Eric Carle Eric Carle

"Der Zweite Weltkrieg und die Bombenangriffe beschäftigen mich bis heute"
© Anna Rose
Aus der Serie: Ich habe einen Traum ZEITmagazin Nr. 2/2018

Vor vielen Jahren, in einer dunklen Phase meines Lebens, begab ich mich in psychotherapeutische Behandlung. Ich hatte erwartet, dass ich von meinen Träumen erzählen soll. Aber ich stellte bald fest, dass sich der Therapeut gar nicht für meine Träume interessierte. Er war sehr pragmatisch und eher an meiner Lebensrealität interessiert. So endete meine Begegnung mit Freuds Traumdeutung, bevor sie begann.

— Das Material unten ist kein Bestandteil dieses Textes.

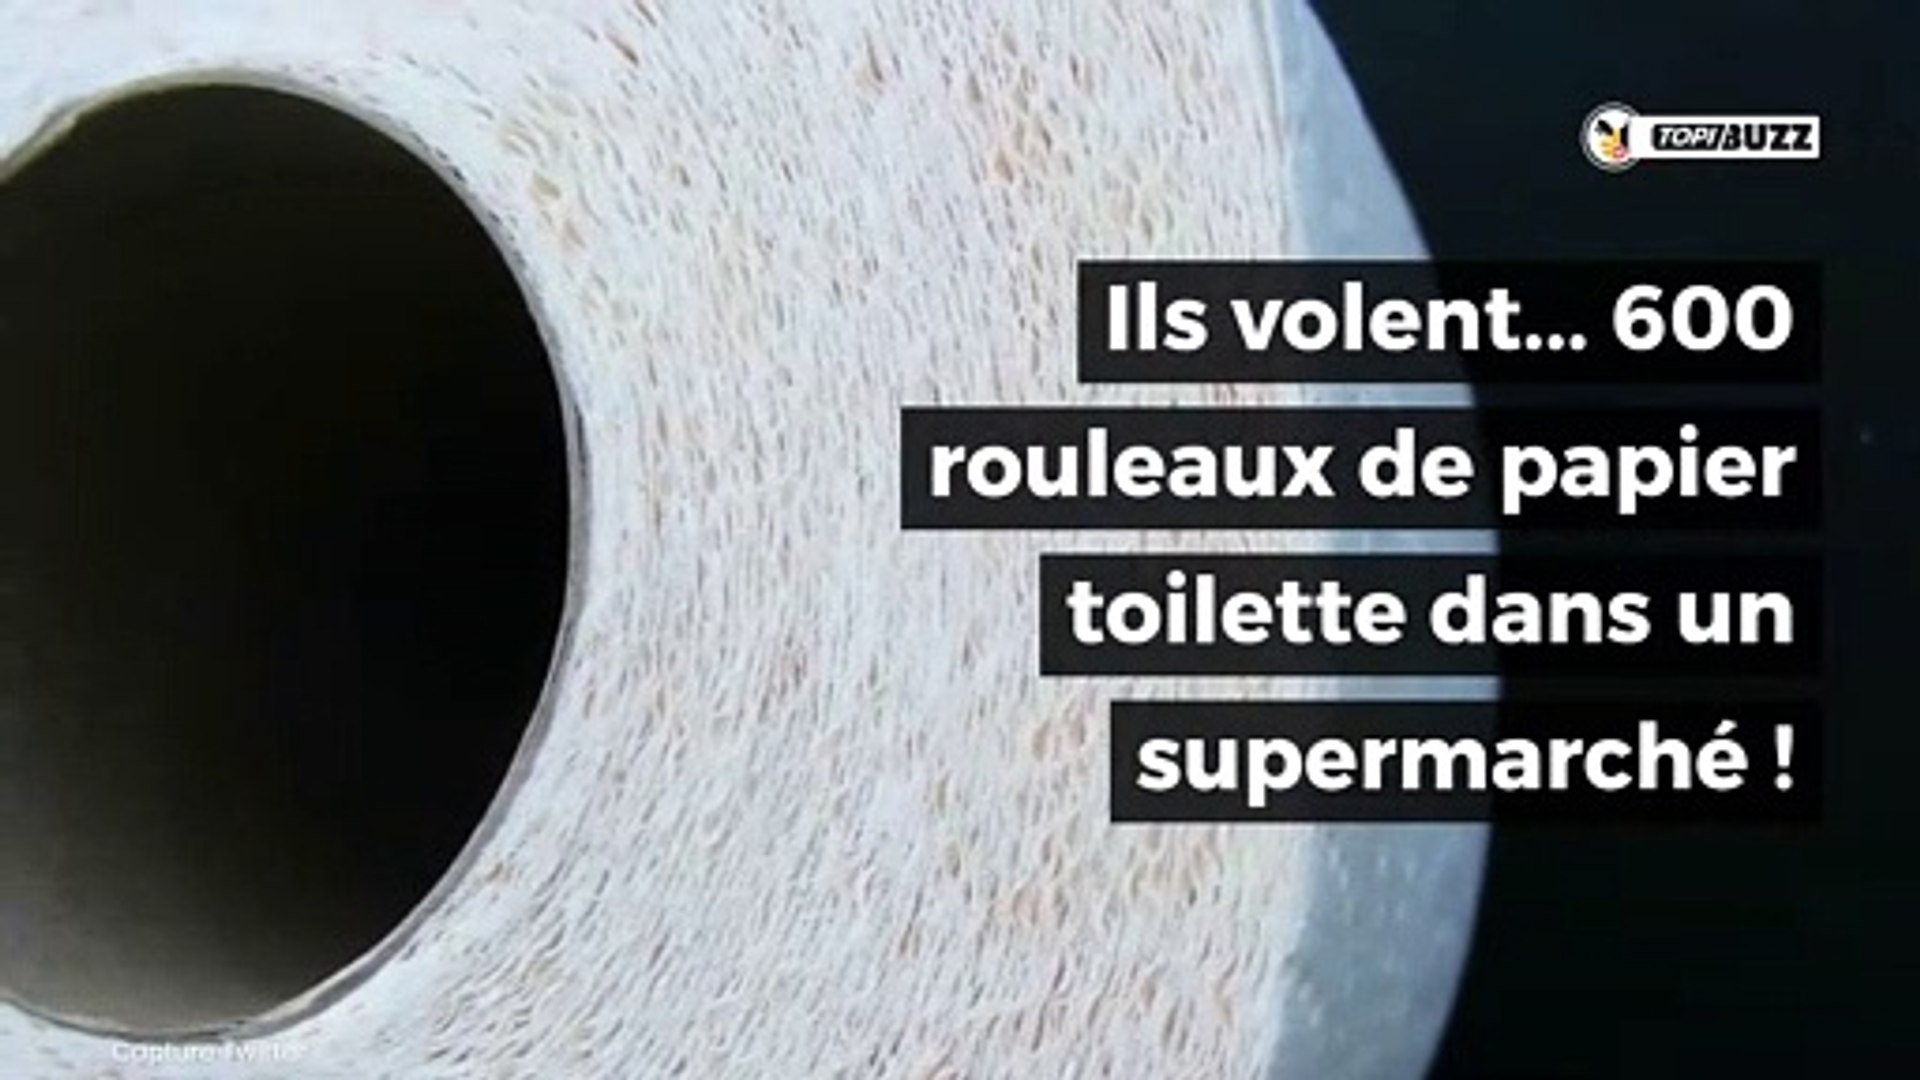 Ils volent 600 rouleaux de papier toilette en pleine hystérie autour du  coronavirus - Vidéo Dailymotion
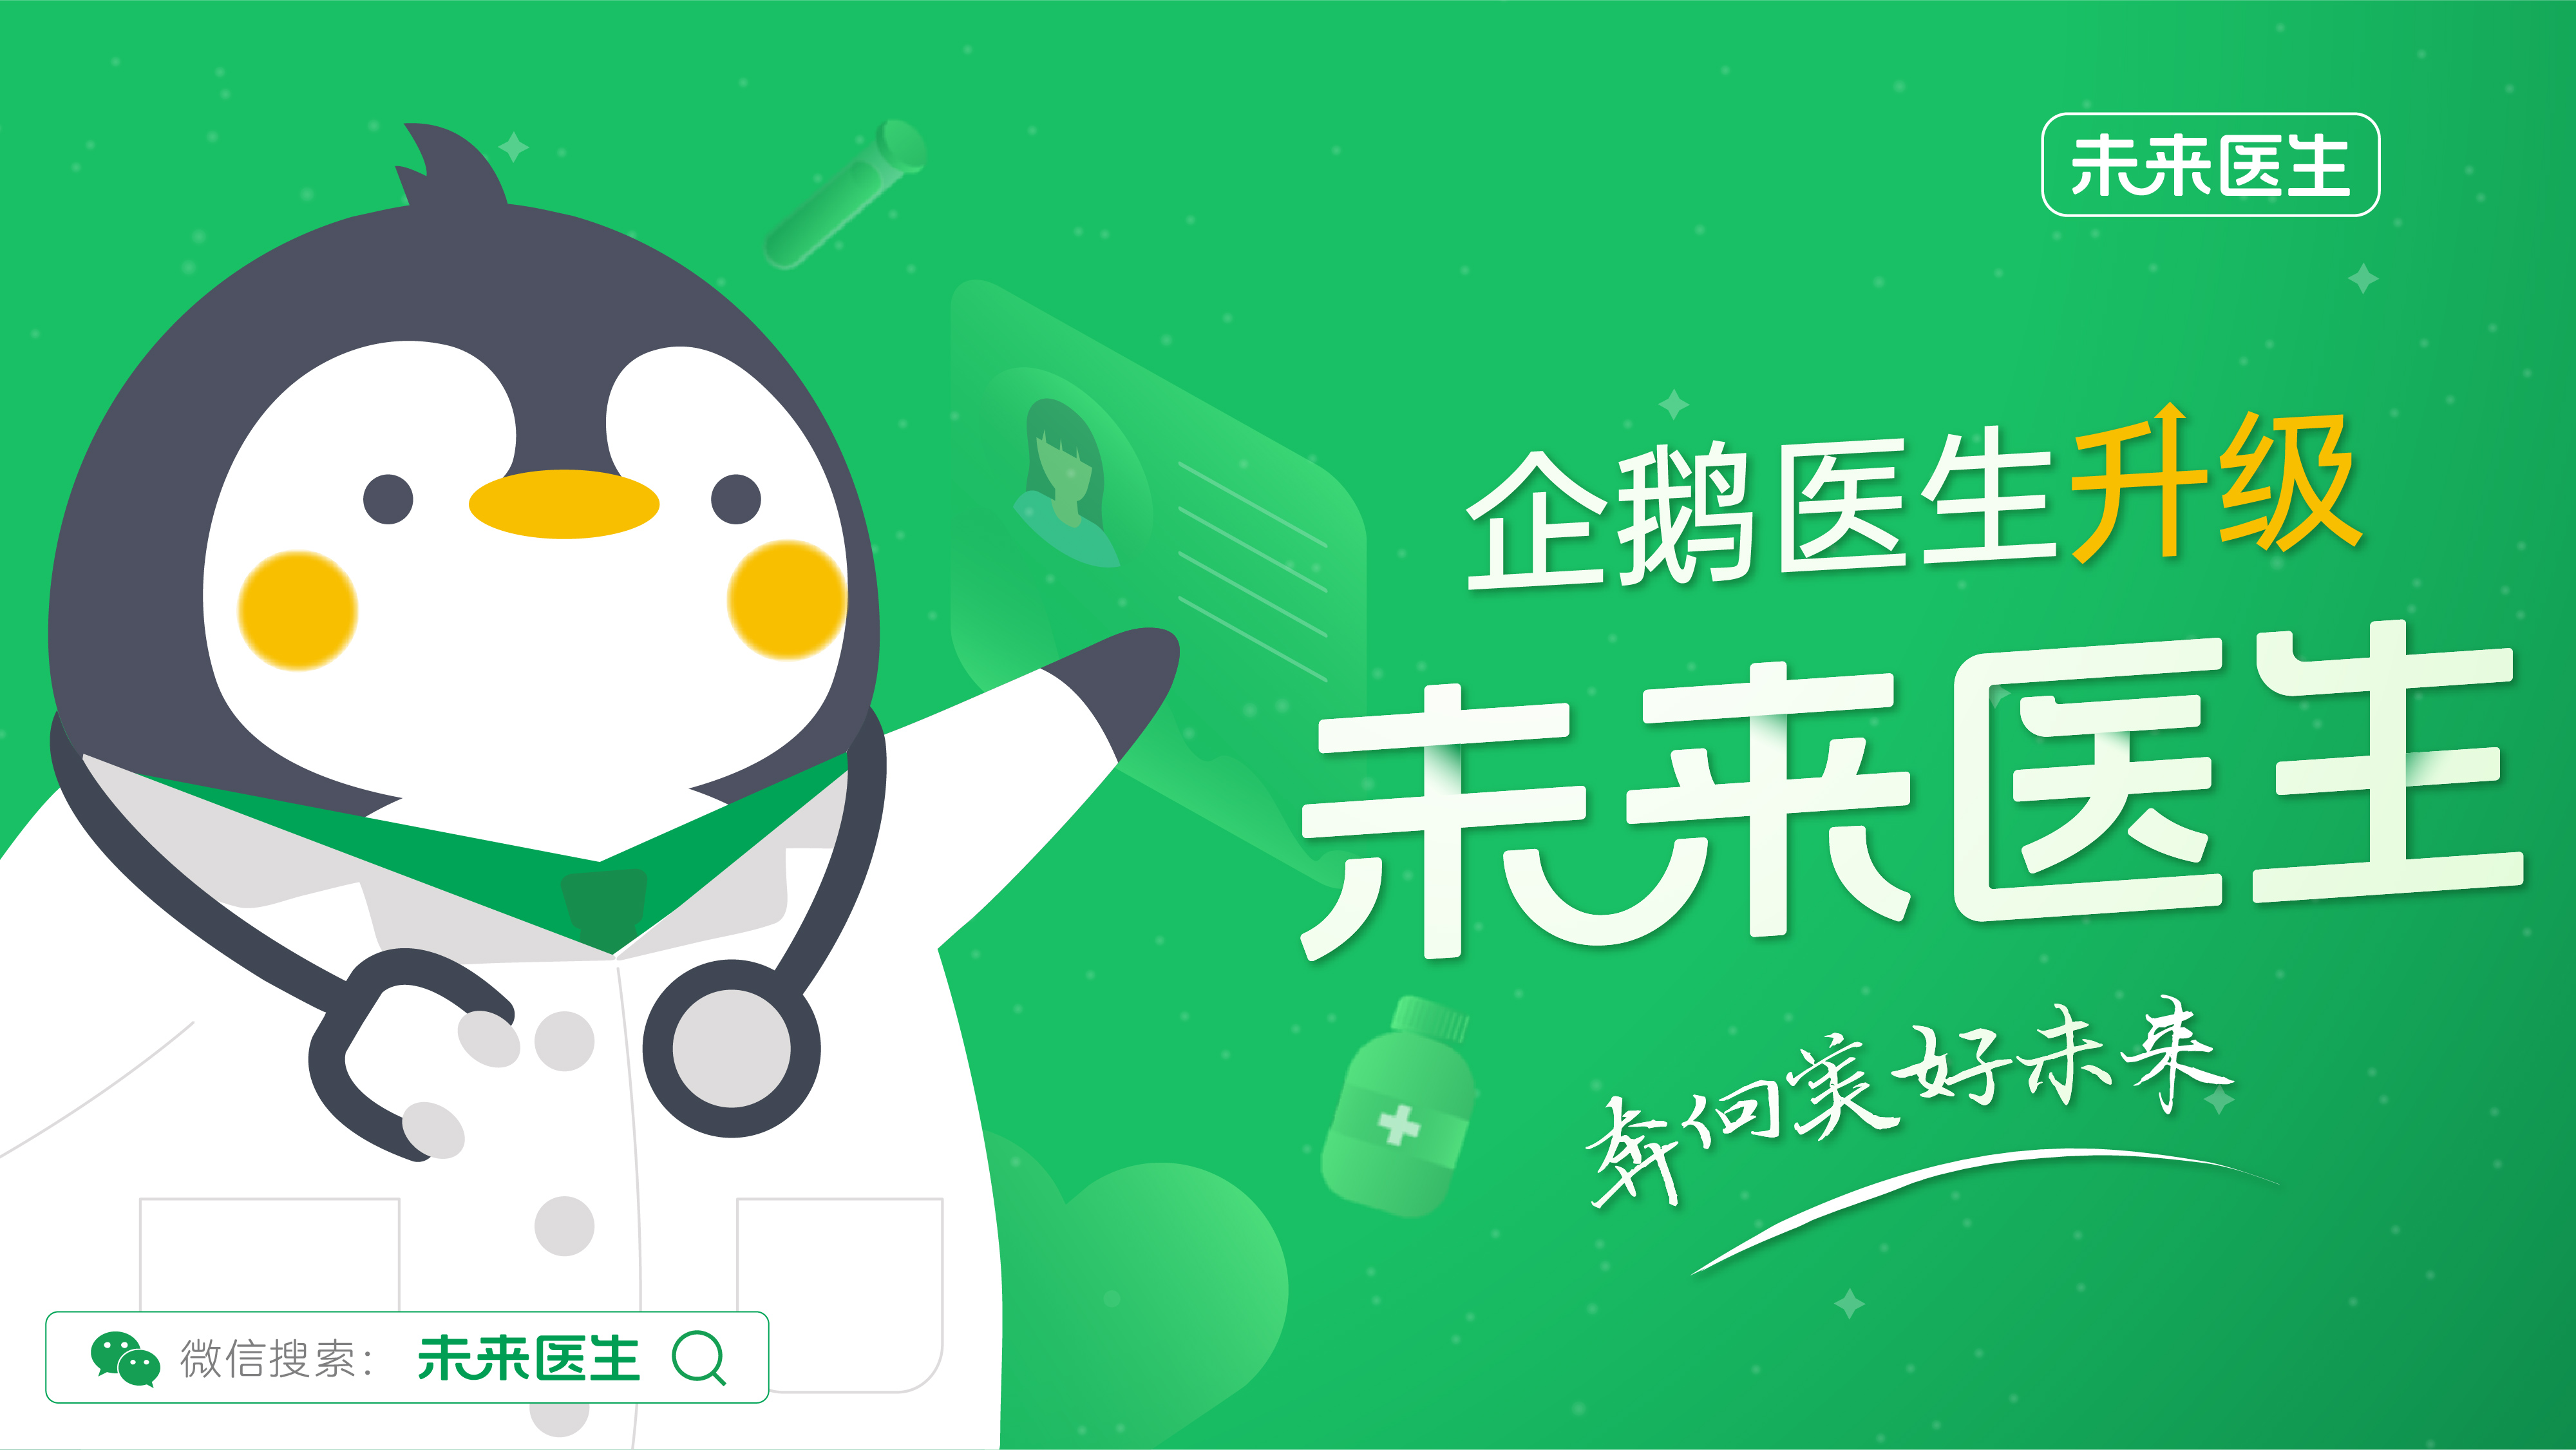 企鹅杏仁升级为未来医生，聚焦一站式医疗服务新打法

Ich wurde in den Vereinigten Staaten geboren. Als ich sechs Jahre alt war, kehrten meine aus Deutschland eingewanderten Eltern mit mir im Schlepptau in ihre Heimat zurück. Nachdem wir eine Weile in Deutschland gewesen waren, fragte ich meine Mutter: "Wann fahren wir wieder nach Hause?" Als mir klar wurde, dass das nicht passieren würde, begannen meine Tagträume: Ich stellte mir vor, eine Brücke zwischen Stuttgart und meiner amerikanischen Heimatstadt Syracuse zu bauen, meine geliebte Oma an die Hand zu nehmen und sie über diese Brücke nach Amerika zu führen. Meine Oma war die reizendste Frau auf Erden, und ich liebte es, ihr beim Stricken zuzuschauen. Währenddessen unterhielten wir uns, und sie erzählte Geschichten in einem weich klingenden Schwäbisch, das ich immer noch liebe.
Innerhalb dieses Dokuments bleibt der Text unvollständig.